Though he sang of events of the day, he was no mere singing journalist; he was capable of a soaring poeticism. Listen to the haunting “The Highwayman,” based on Alfred Noyes’ narrative poem, the lovely “Changes,” or “When I’m Gone,” so sad in retrospect, about a man’s determination to go on living (“Won’t see the golden of the sun when I’m gone/Can’t be singing louder than the guns when I’m gone/“So I guess I’ll have to do it while I’m here”). That his songs are as relevant today as when he wrote them is evident in Jello Biafra’s statement that he scarcely had to change the lyrics for the Dead Kennedys’ 1980 cover of “Love Me, I’m a Liberal.” As the President talks of sending CIA “analysts” into Libya as part of its latest bombing adventure, we realize how little things have changed since Ochs sang “But the boy in the swamp didn’t care that he was killed by advisers/So please be reassured, we seek no wider war.”

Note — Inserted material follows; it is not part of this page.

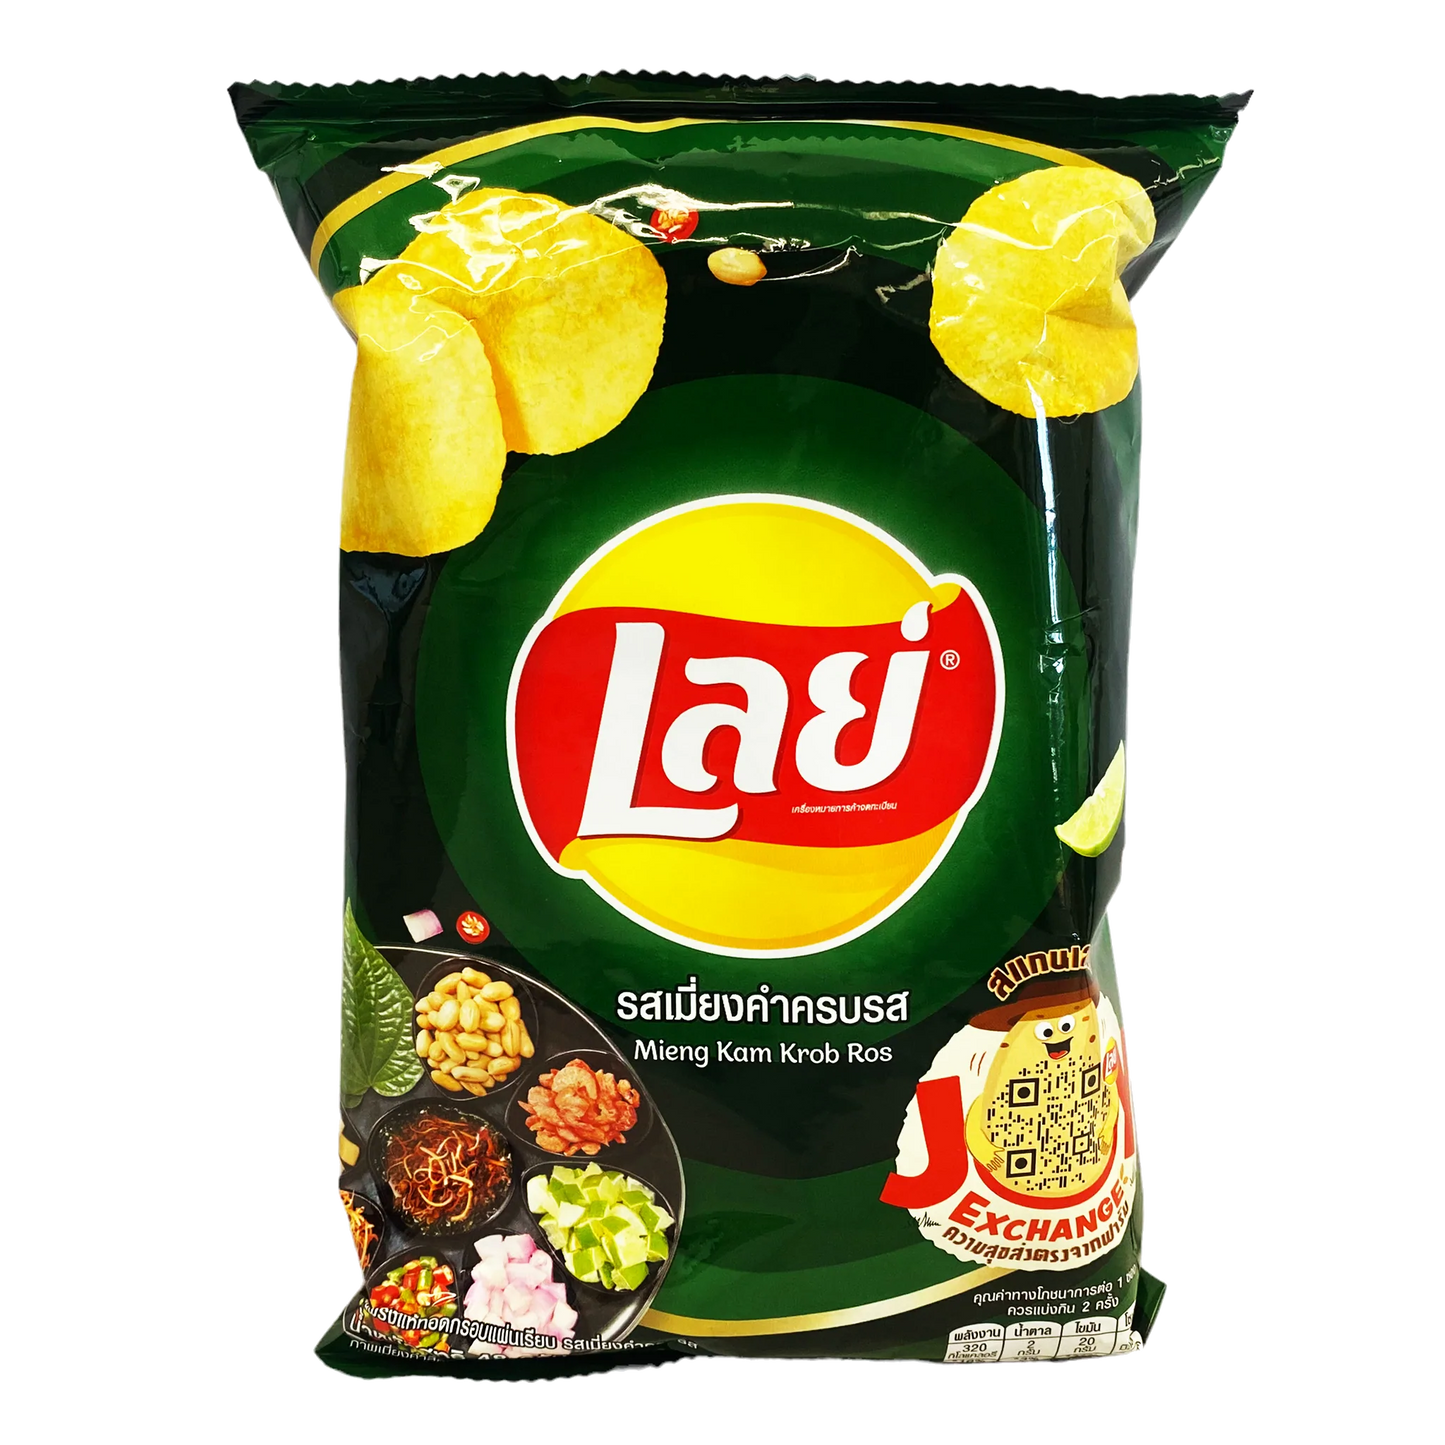 Lay's  - Mieng Kam Krob Ros - Product Of Tiawan

After the Vietnam War ended in 1975, Phil, like many other activists, lost his way. “He stopped looking outward, and then he got sick,” says one friend, and a family history of manic depressive illness caught up with him. The “manic” side may have fueled his incredibly prolific songwriting, while the bottom end left him in a black fog, isolated and, at the end of his days, living with his sister, watching endless television and playing cards.

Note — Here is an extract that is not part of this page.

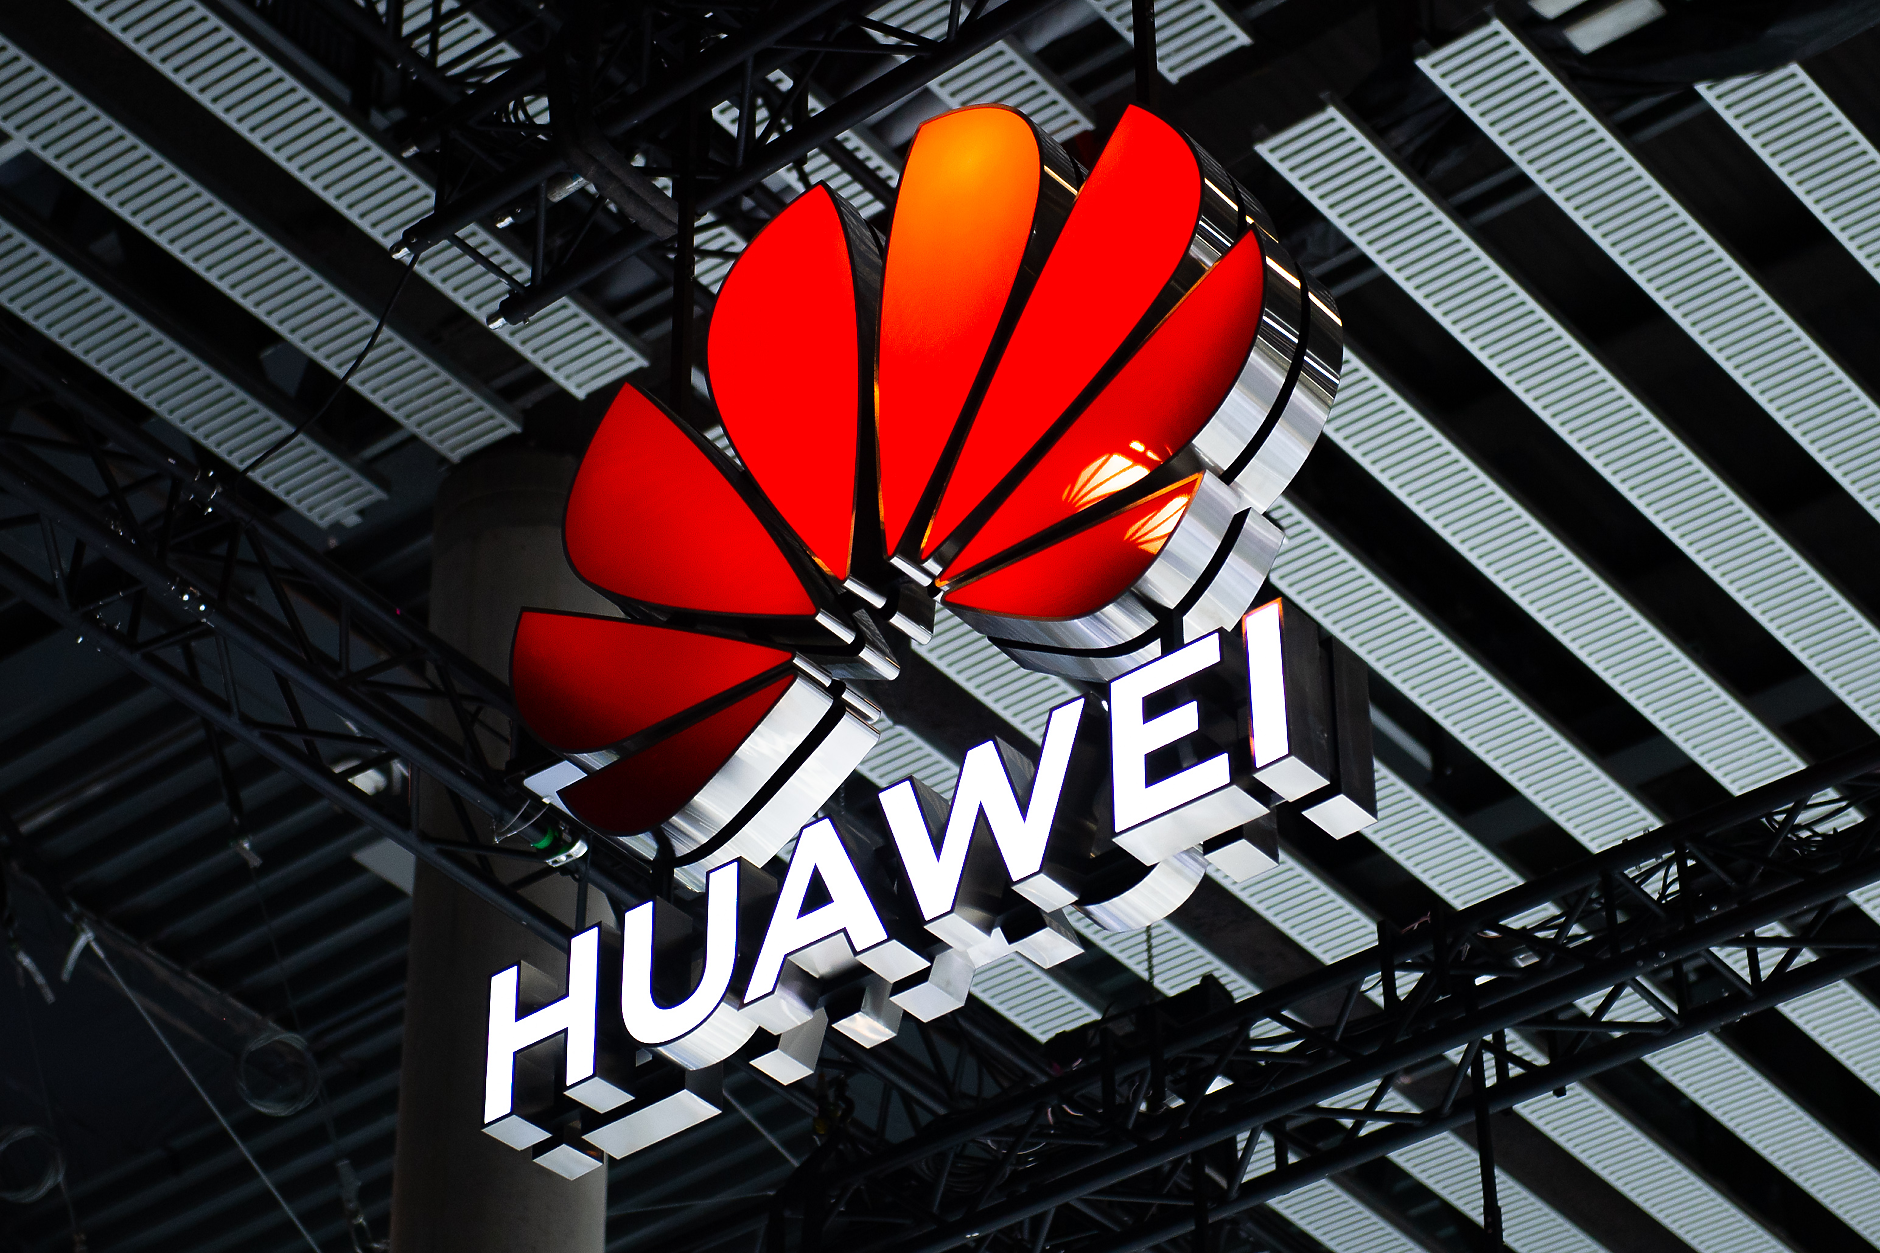 Мистериозен смартфон на Huawei вдъхна надежди на засегнатата от санкции китайска технологична индустрия

After Ochs’ death, it was discovered that the FBI had kept a nearly 500-page file on his activities. Ochs, often misspelled “Oakes” in Hoover’s files, was considered “potentially dangerous,” as are all public truth-tellers. This film suggests that negative responses to Ochs weren’t limited to the government; its lens reveals a surprising negativity, as friends recall the less flattering elements of the famously funny, smart Ochs’ personality: his ambition (“He really, really, really wanted to be famous,” says singer Judy Henske), his “ridiculousness” (never explained, as Ochs seems anything but ridiculous) and, of course, the “arrogance, drunkenness and recklessness” of his later years, which began with his ill-conceived onstage appearance in an Elvis-style gold-lamé suit (it was meant ironically, but elicited audience jeers) and included aimless travels to Haiti, Chile and Africa, where street robbers attacked him and strangled him, permanently damaging his vocal cords (Ochs, paranoid but not without reason, suspected CIA involvement). His friends were at a loss about what to do with Ochs, who was unraveling, wildly wandering, getting arrested.
The film suffers from certain omissions and oddities. The talking-heads approach, much favored by this director (who has made documentaries about movie directors Frank Capra, Preston Sturges and others), makes for elliptical narration and the elision of certain details, such as the ending of Ochs’ marriage. You might also question the inclusion of certain commentators (Christopher Hitchens?) and the absence of others (where is Ochs’ friend Tom Paxton, and his moving song of remembrance, “Phil”?) For all the talk, we come away feeling we never really got to know Phil Ochs. Nevertheless, it is a necessary and worthy tribute to the visionary Ochs, who would have preferred to be famous in life rather than in death.